New Census Data Show Many in Middle Class Are ‘Near Poor’
When the U.S. Census Bureau retooled its formula for determining the number of poor people living in the United States, the number the bureau estimated to be living in poverty shot up from 46.1 million to 49.1 million. Now that reformulation is shining a light on the vast numbers of people who appear to be middle class but who actually fall into a category called the “near poor.”
The new numbers reveal a grim portrait of Americans living paycheck to paycheck, often without access to health care, many behind the middle-class exterior of a suburban home. According to the new data, some 51 million Americans receive incomes that are just 50 percent higher than the official poverty line—a figure that is 76 percent higher than the previous measure, according to The New York Times, which reports:
All told, that places 100 million people—one in three Americans—either in poverty or in the fretful zone just above it.
Roughly half of the people who fall into the “near poor” category live in the suburbs, and half live in households headed by a married couple. A sizable number—28 percent—work full time.

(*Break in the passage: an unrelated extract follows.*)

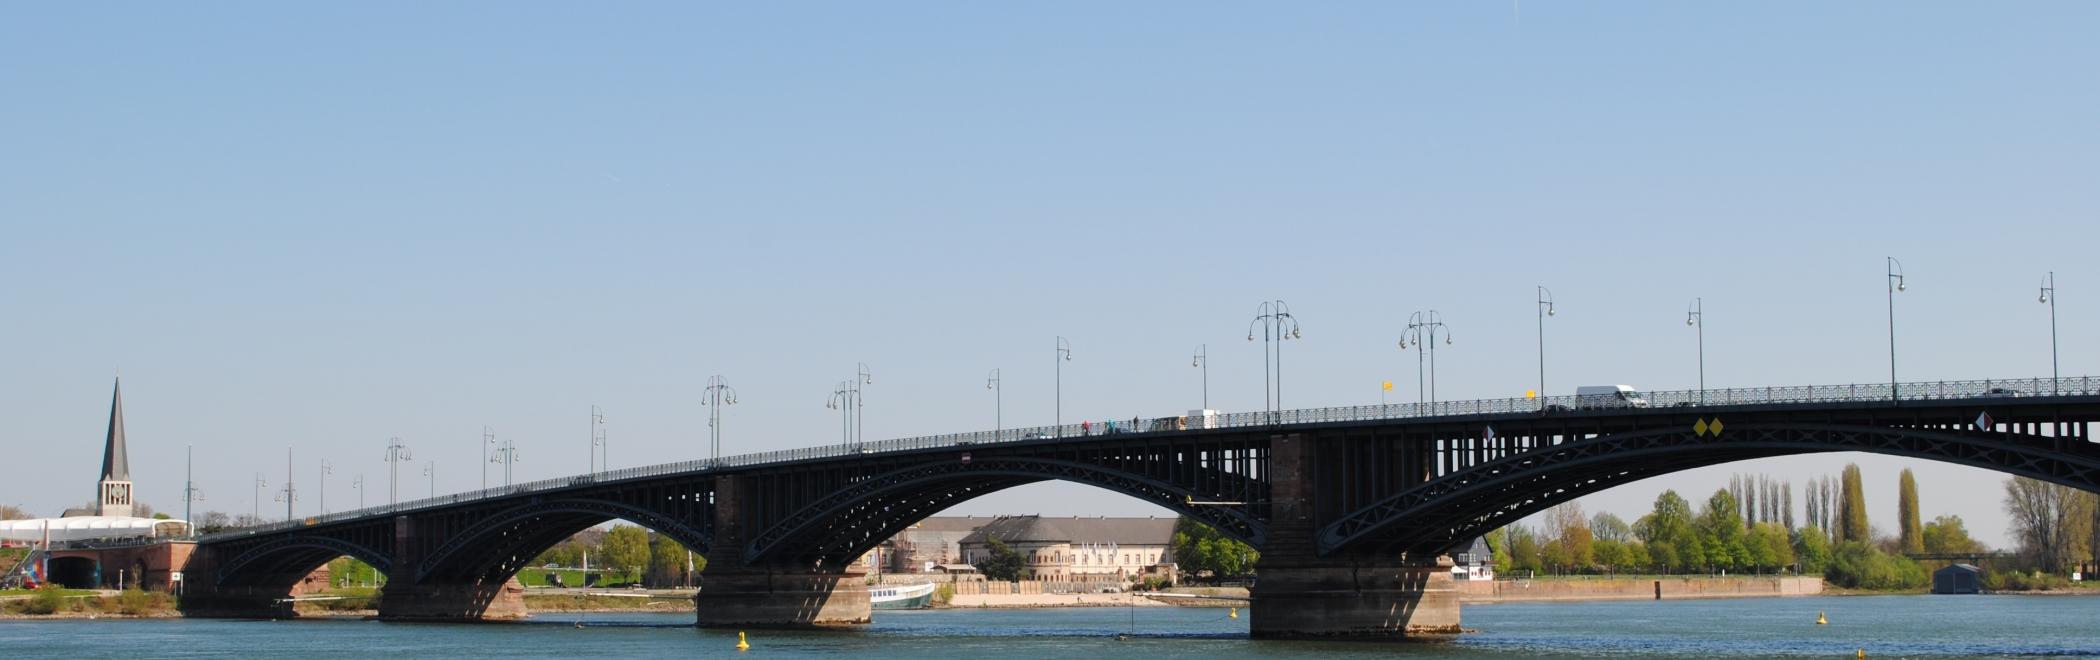 Rhein Dom Theodor Heuss Brücke

Yet conservatives in Congress continue to push for cuts in Social Security, Medicare and Medicaid—cuts that could push the “near poor” over the poverty line, and further increase the ranks of the poor, especially among the elderly.
Meanwhile, Republican lawmakers continue to refuse to raise taxes on the richest Americans, who pay a much smaller share of their income in taxes than middle-class taxpayers. Among the expenses now calculated as part of the new poverty formulation—expenses previously omitted under the old formula—is an individual’s tax burden. After adding that, along with the cost of medical expenses, transportation and other life necessities into the formula, the numbers for those in the “near poor” category exploded.
The new numbers on the “near poor” have yet to be published by the Census Bureau. The numbers were crunched at the request of the Times, whose editorial staff suspected a larger story lurked in the new numbers. But the results, the paper reports, shocked even the Census Bureau’s chief poverty statistician, Trudi J. Renwick, who said:
These numbers are higher than we anticipated. There are more people struggling than the official numbers show.
As we reported last week, among the findings yielded by the new formula, which takes into account the cost of taxes, medical care and housing, was a higher level of poverty among Americans above the age of 65 than had been previously thought: 16 percent.